Your gas prices are not bad. We’re at 2.54 US dollars per US gallon right now. Gas 87 or diesel. It varies a lot across the US mostly due to various levels of taxation.

I’ve also never had a problem with ethanol in the gas.

I was afraid lumber prices were high due to lack of mill activity which meant lack of residue for pellet manufacture which means low supply and high prices for pellets.

Sheets of OSB are pushing 25$ here.
 
I was afraid lumber prices were high due to lack of mill activity which meant lack of residue for pellet manufacture which means low supply and high prices for pellets.

Sheets of OSB are pushing 25$ here.

I think that's part of it, a lot of mills here in the west were closed in 2019 due to perpetually low prices and increasing stumpage rates/royalties. But since the huge spike in demand with Covid a lot of mills are working overtime now to reap the benefits of high prices while they last. The loggers I talk to say they've never seen it so good, fuel prices are low and many mills have bumped up rates in an effort to get more timber to the mills, for once they are doing better than just scraping by.
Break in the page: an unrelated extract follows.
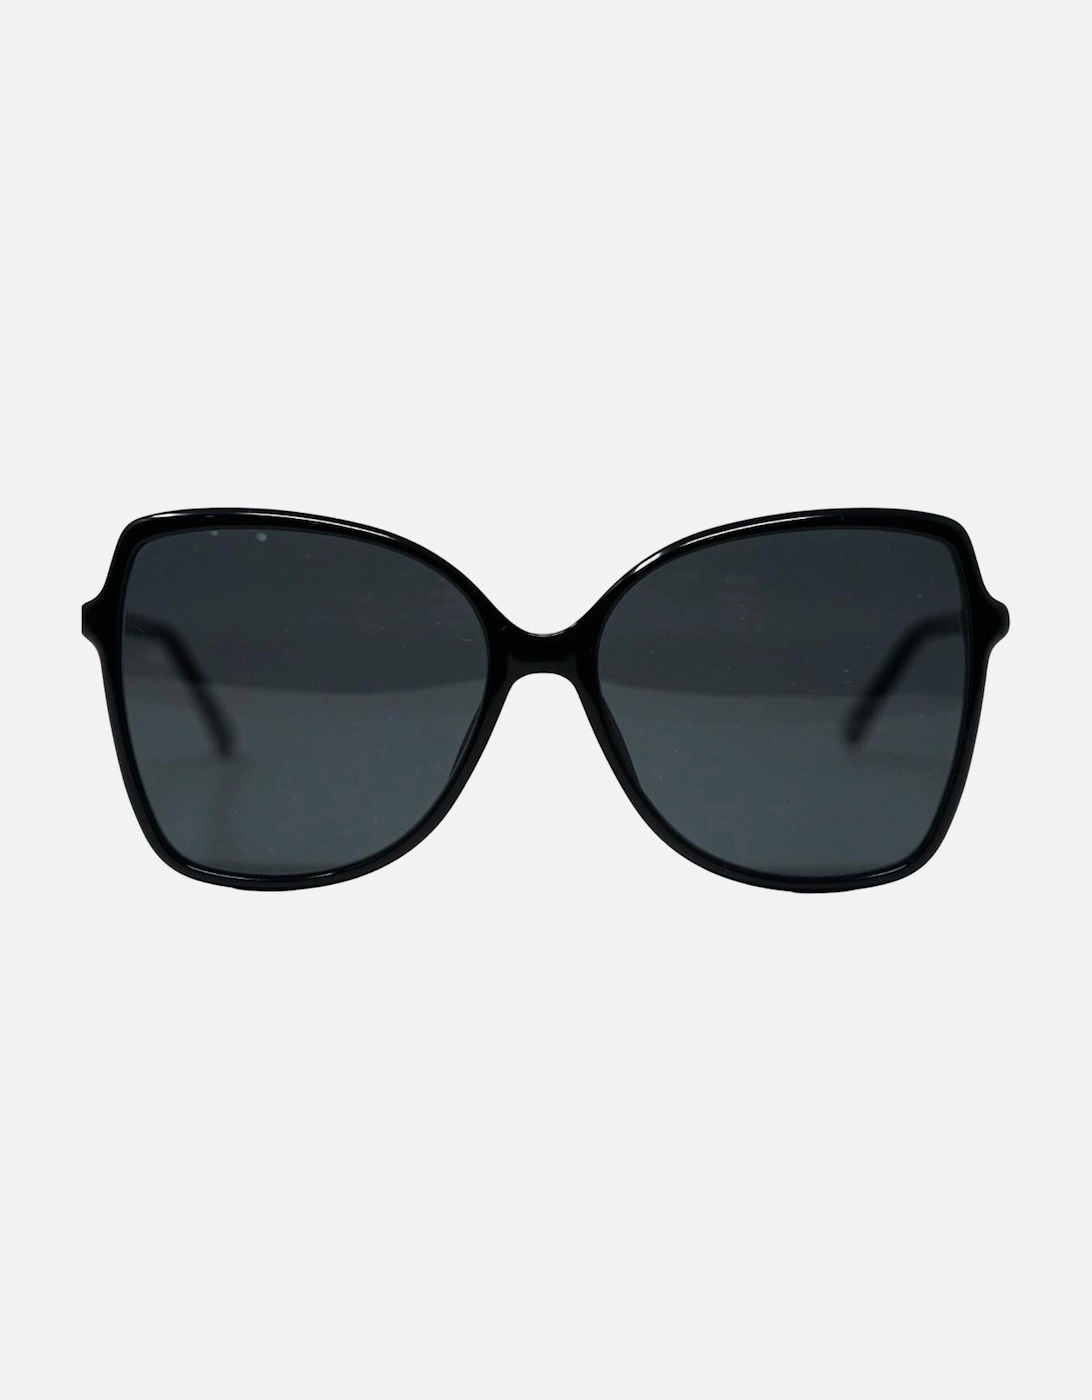 Fede/S 0807 IR Black Sunglasses, 4 of 3

Another factor is low pulp prices, there less incentive to turn every chip of scrap wood into pulp because the profit isn't there, leaving more behind for pellets.

Our lumber prices are all over the map and change daily and vary a lot store to store. One place might be selling 3/4" spruce plywood for $56, another will be $96. I was hoping to finish my basement this winter, but last I checked an 8' 2x4 was about $7.50, this time last year they were just over $3, so not sure if that project will get started this year. Our prices make no sense now, 3/8" plywood is selling for $28, while 3/8" osb is $31.
 
I think that's part of it, a lot of mills here in the west were closed in 2019 due to perpetually low prices and increasing stumpage rates/royalties. But since the huge spike in demand with Covid a lot of mills are working overtime now to reap the benefits of high prices while they last. The loggers I talk to say they've never seen it so good, fuel prices are low and many mills have bumped up rates in an effort to get more timber to the mills, for once they are doing better than just scraping by. Another factor is low pulp prices, there less incentive to turn every chip of scrap wood into pulp because the profit isn't there, leaving more behind for pellets.

Our lumber prices are all over the map and change daily and vary a lot store to store. One place might be selling 3/4" spruce plywood for $56, another will be $96. I was hoping to finish my basement this winter, but last I checked an 8' 2x4 was about $7.50, this time last year they were just over $3, so not sure if that project will get started this year. Our prices make no sense now, 3/8" plywood is selling for $28, while 3/8" osb is $31.

I too noticed the plywood price stayed the same while OSB jumped 2-3x.